┌─ SUPPLIED DATA
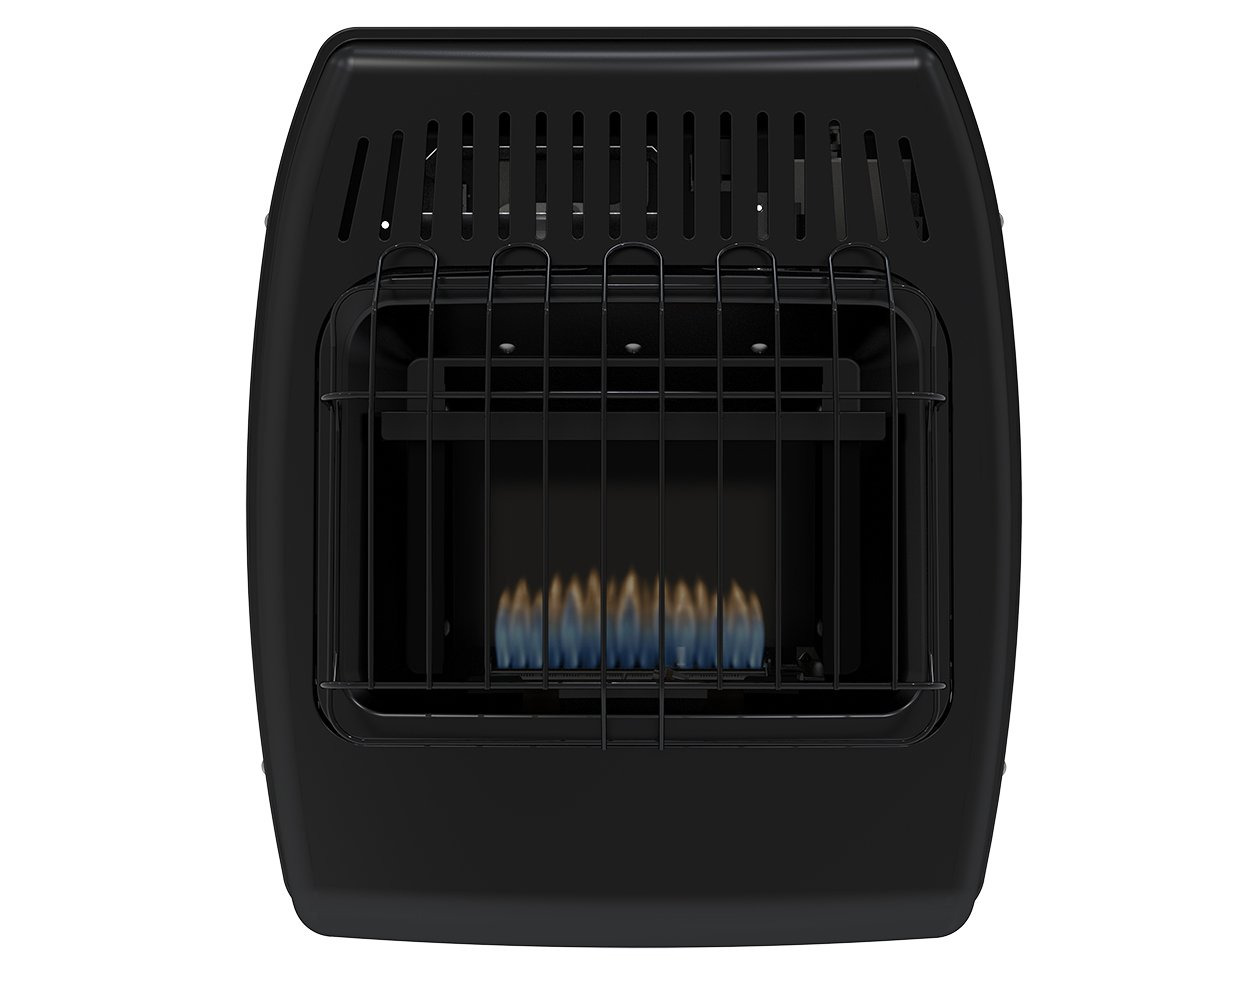 Dyna-Glo IBF10PMDG 10,000 BTU Liquid Propane Blue Flame Vent Free Ice House Heater by Dyna-Glo
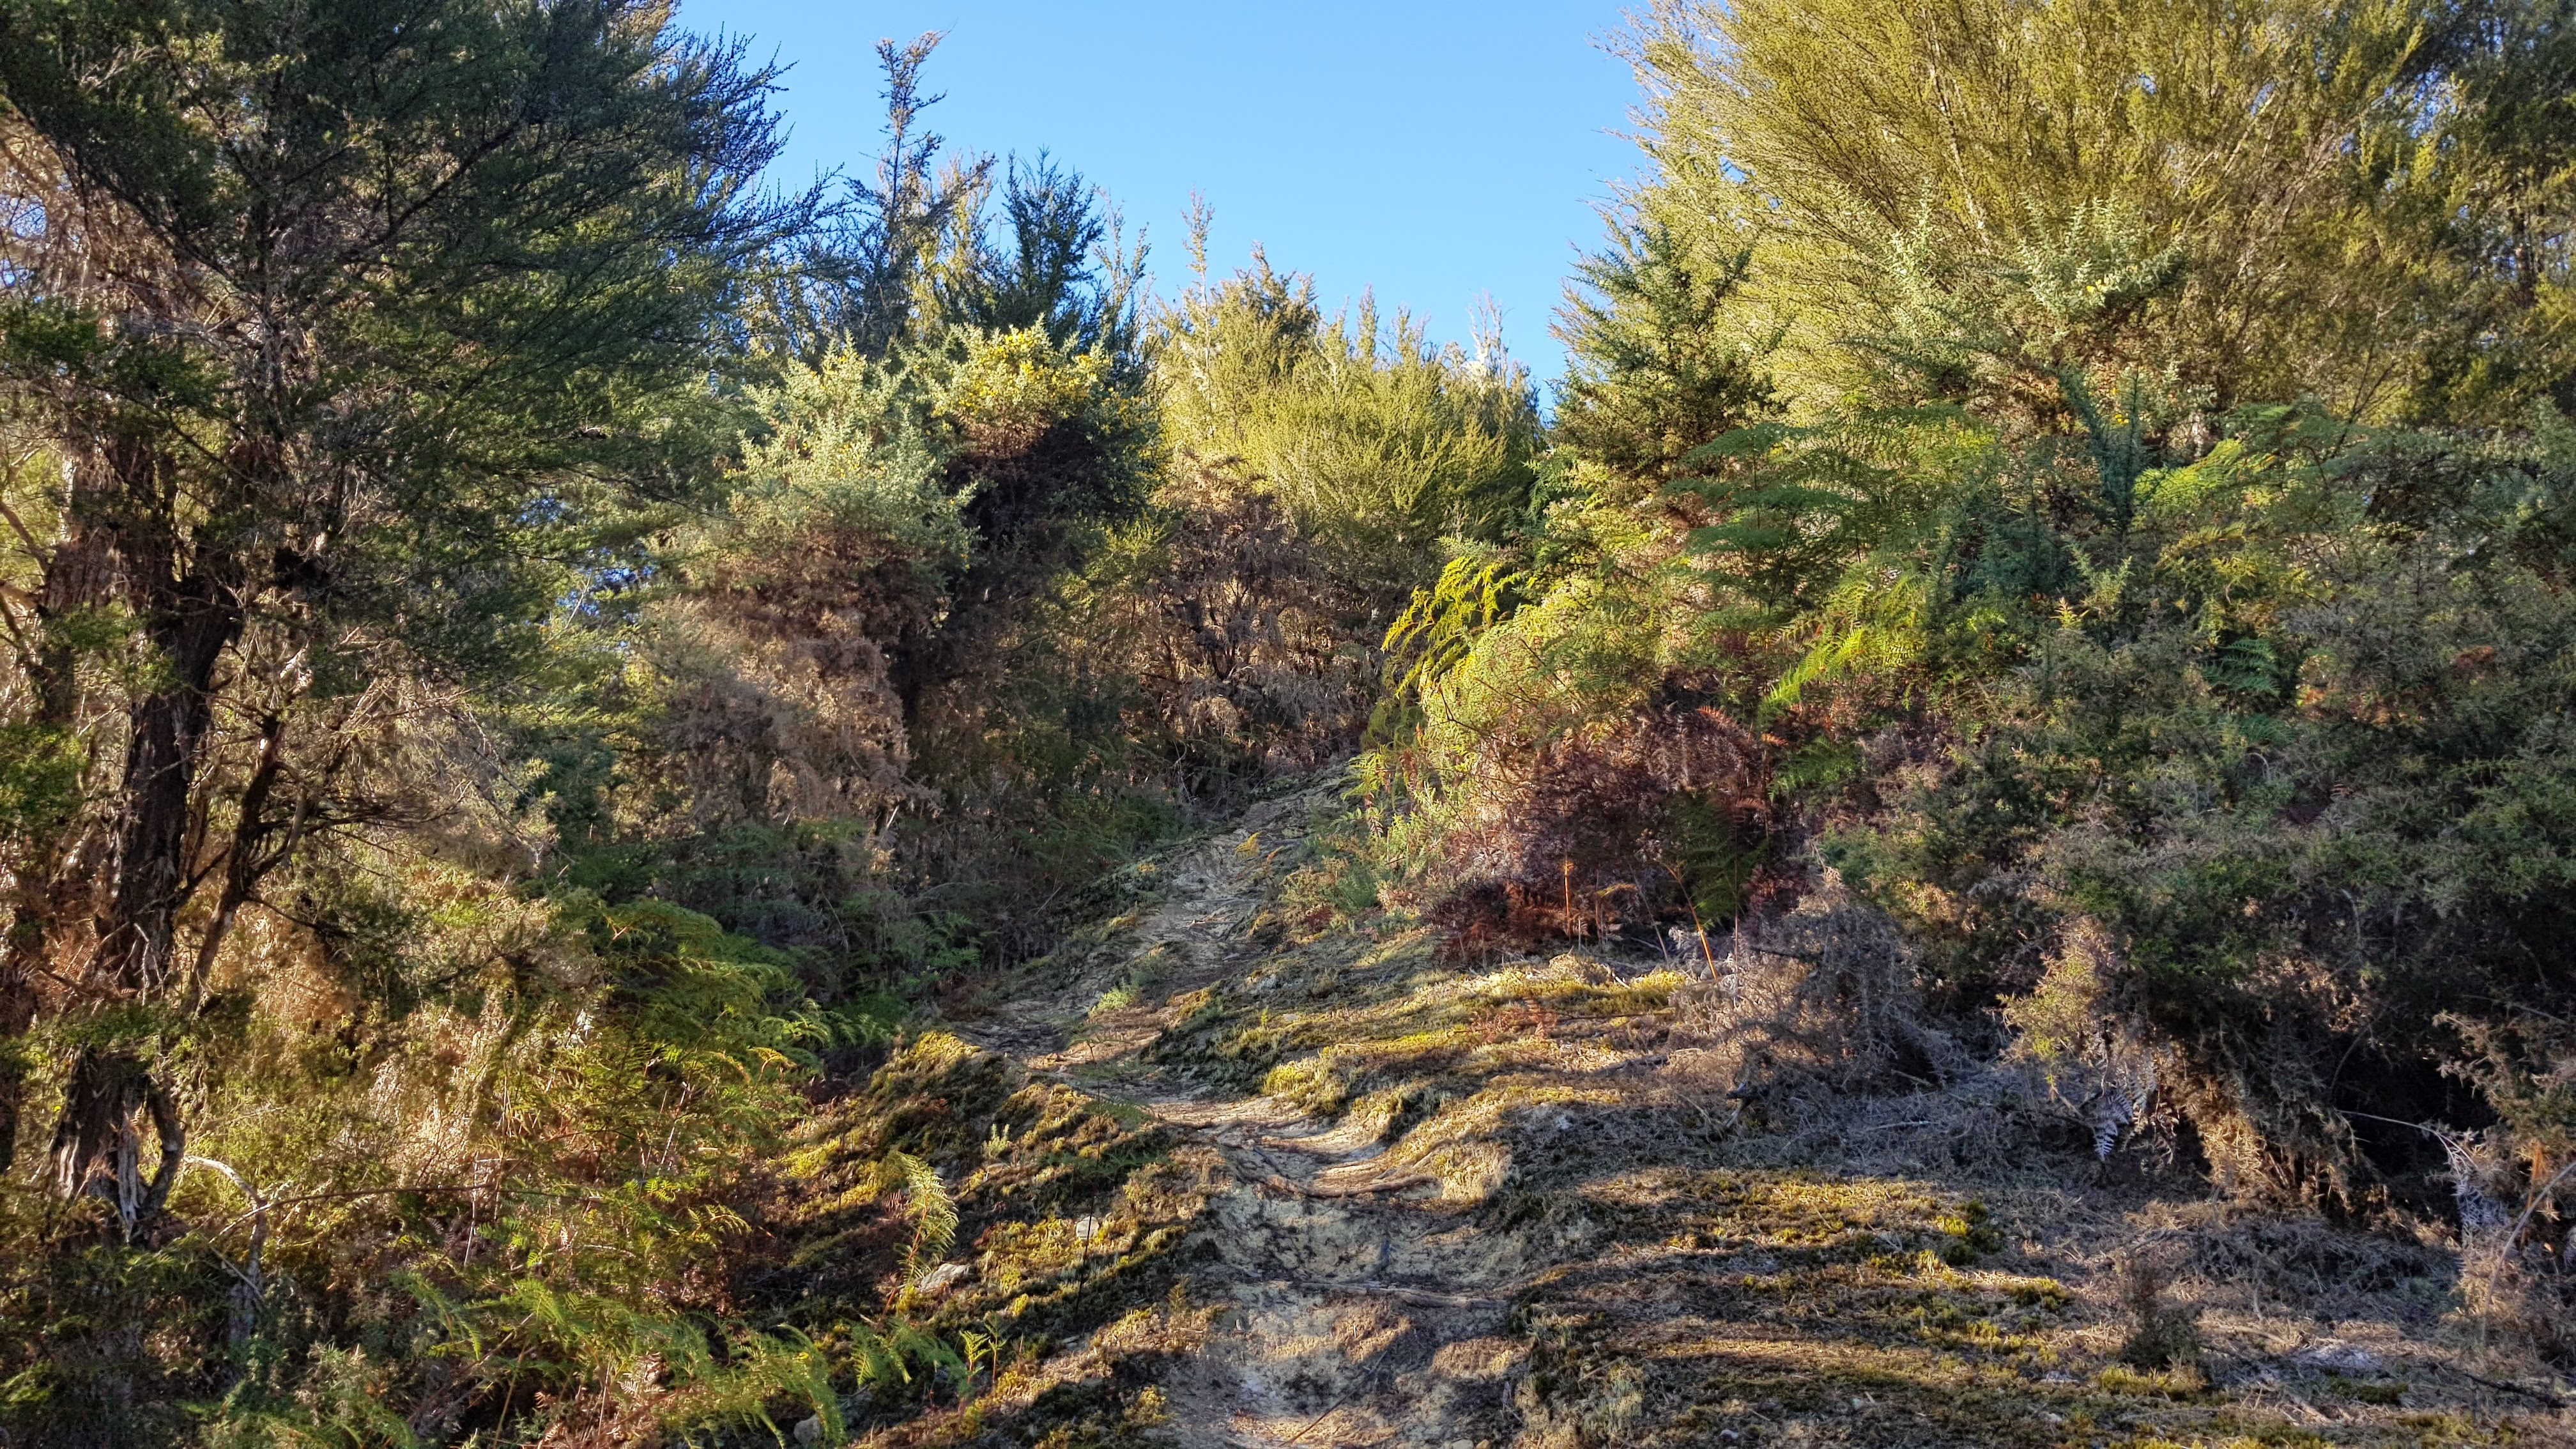 Starting the ridge track to Mount Owen
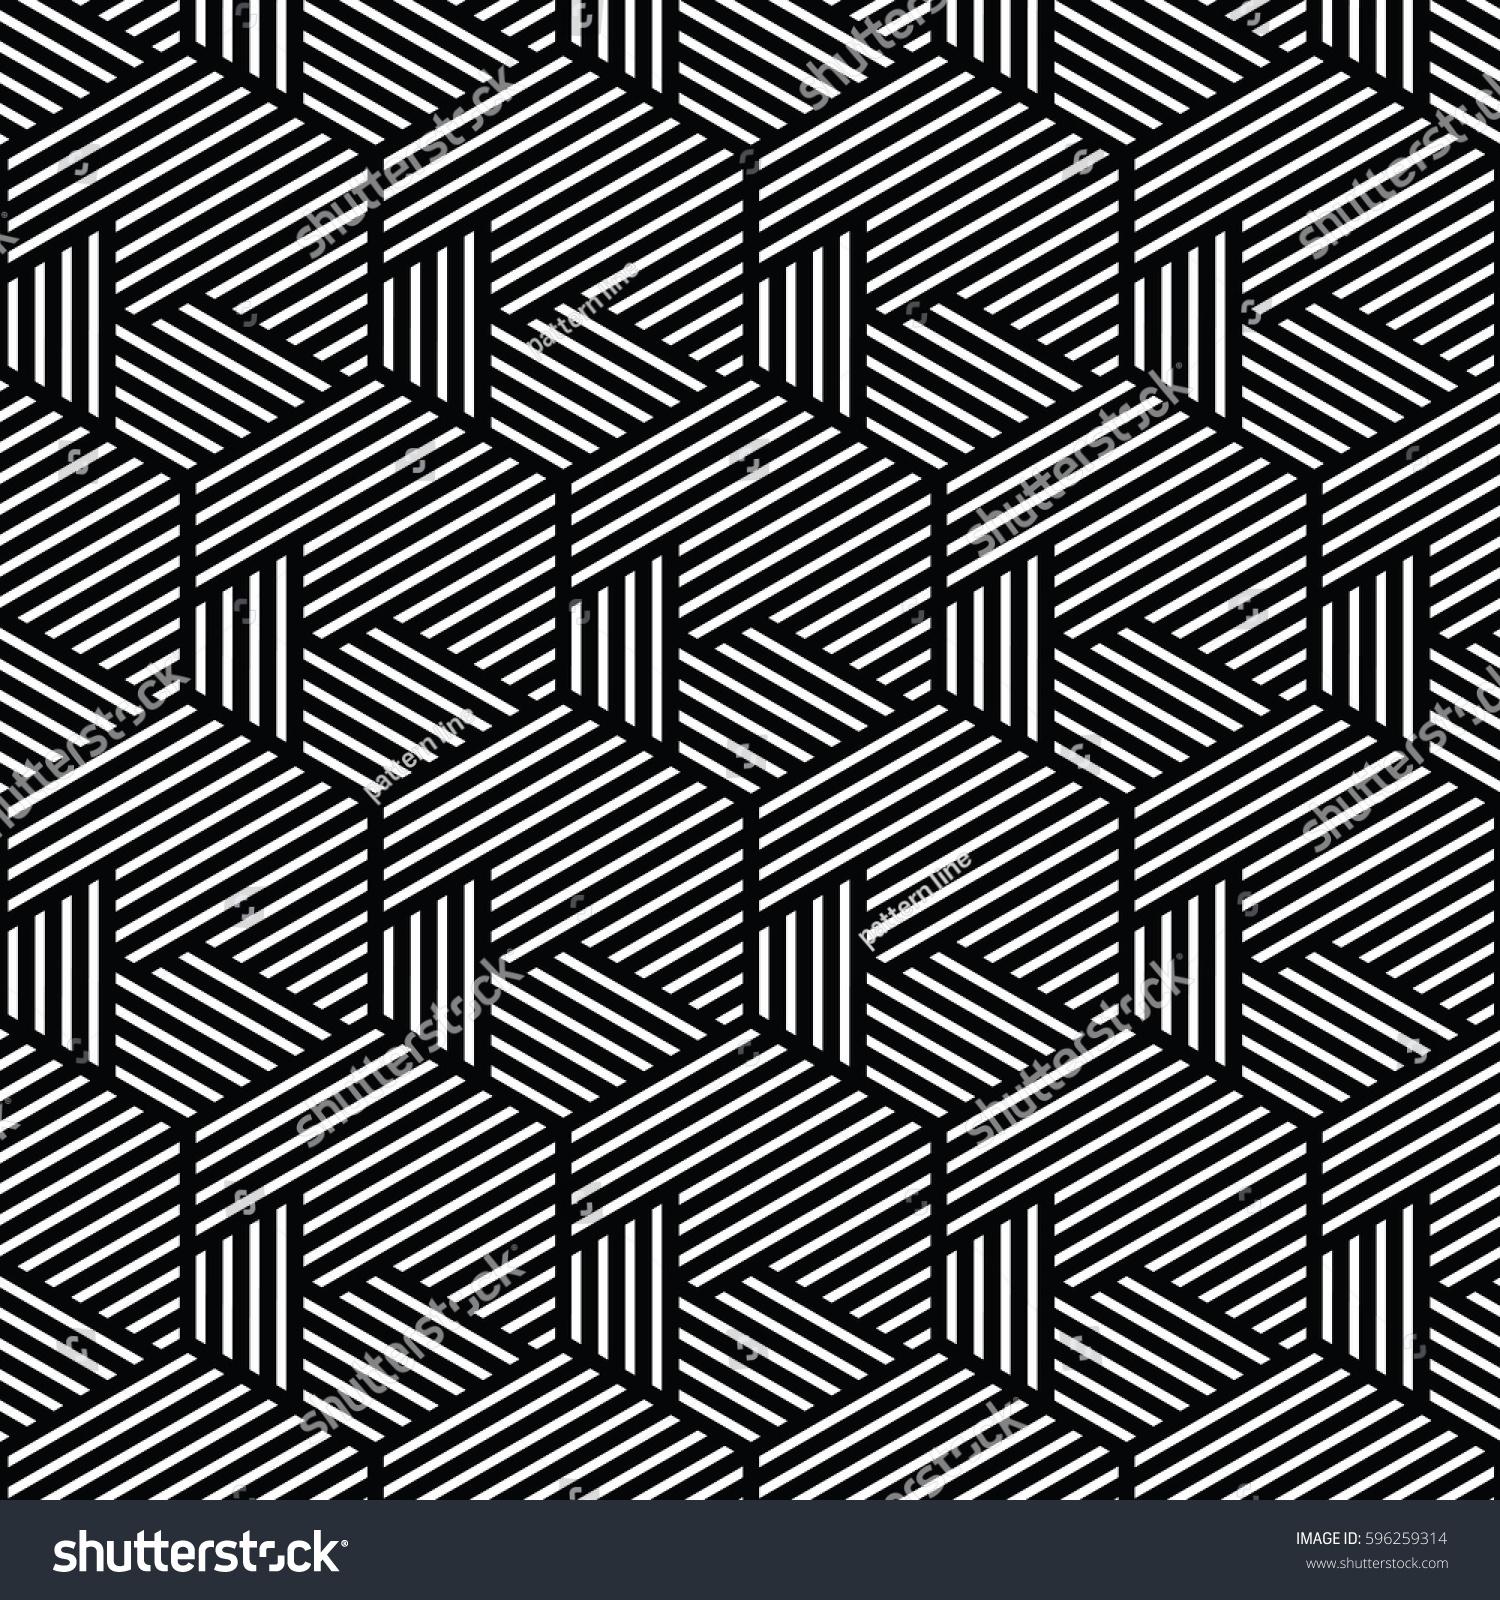 Line Texture Vector : Yellow white patternbackground line geometricmodern
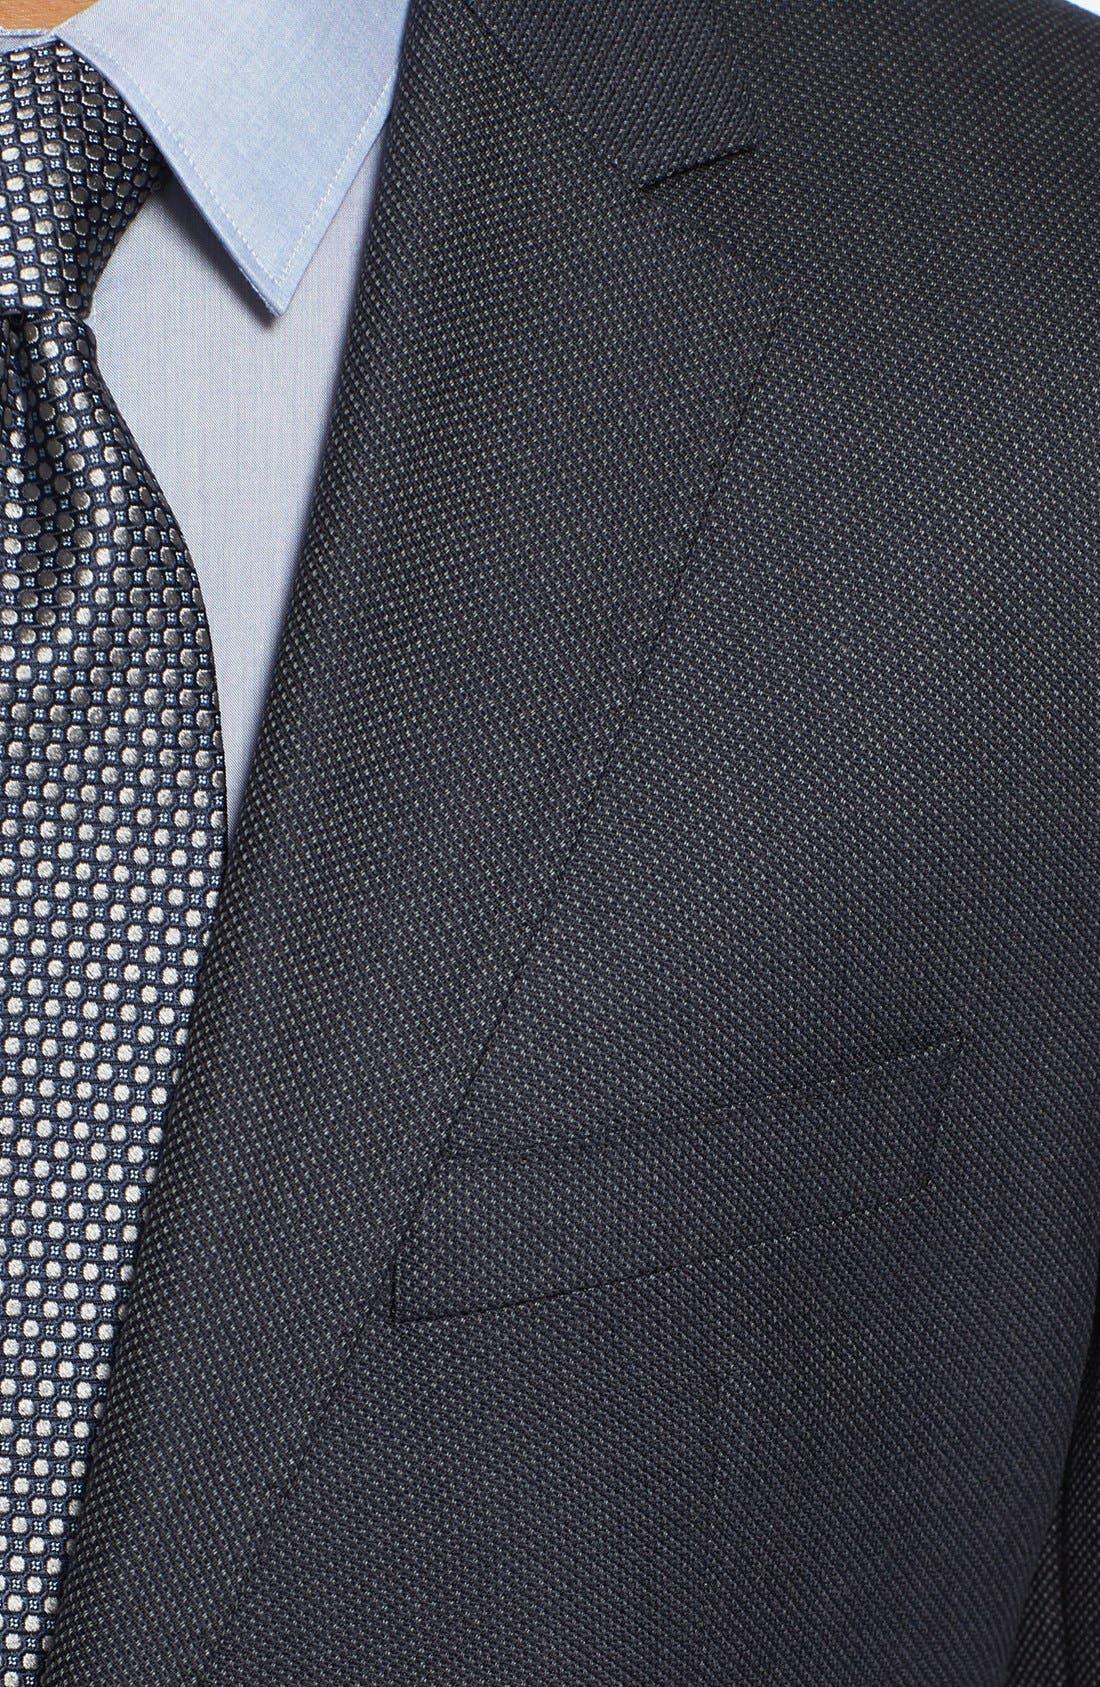 Alternate Image 2  - BOSS HUGO BOSS 'James' Trim Fit Wool Sportcoat
└─
TASK TO CARRY OUT: Write out the whole listing exactly. Do not include the pictures.

EXERCISE RESULT:
 Dyna-Glo IBF10PMDG 10,000 BTU Liquid Propane Blue Flame Vent Free Ice House Heater by Dyna-Glo
 Starting the ridge track to Mount Owen
 Line Texture Vector : Yellow white patternbackground line geometricmodern
 Alternate Image 2  - BOSS HUGO BOSS 'James' Trim Fit Wool Sportcoat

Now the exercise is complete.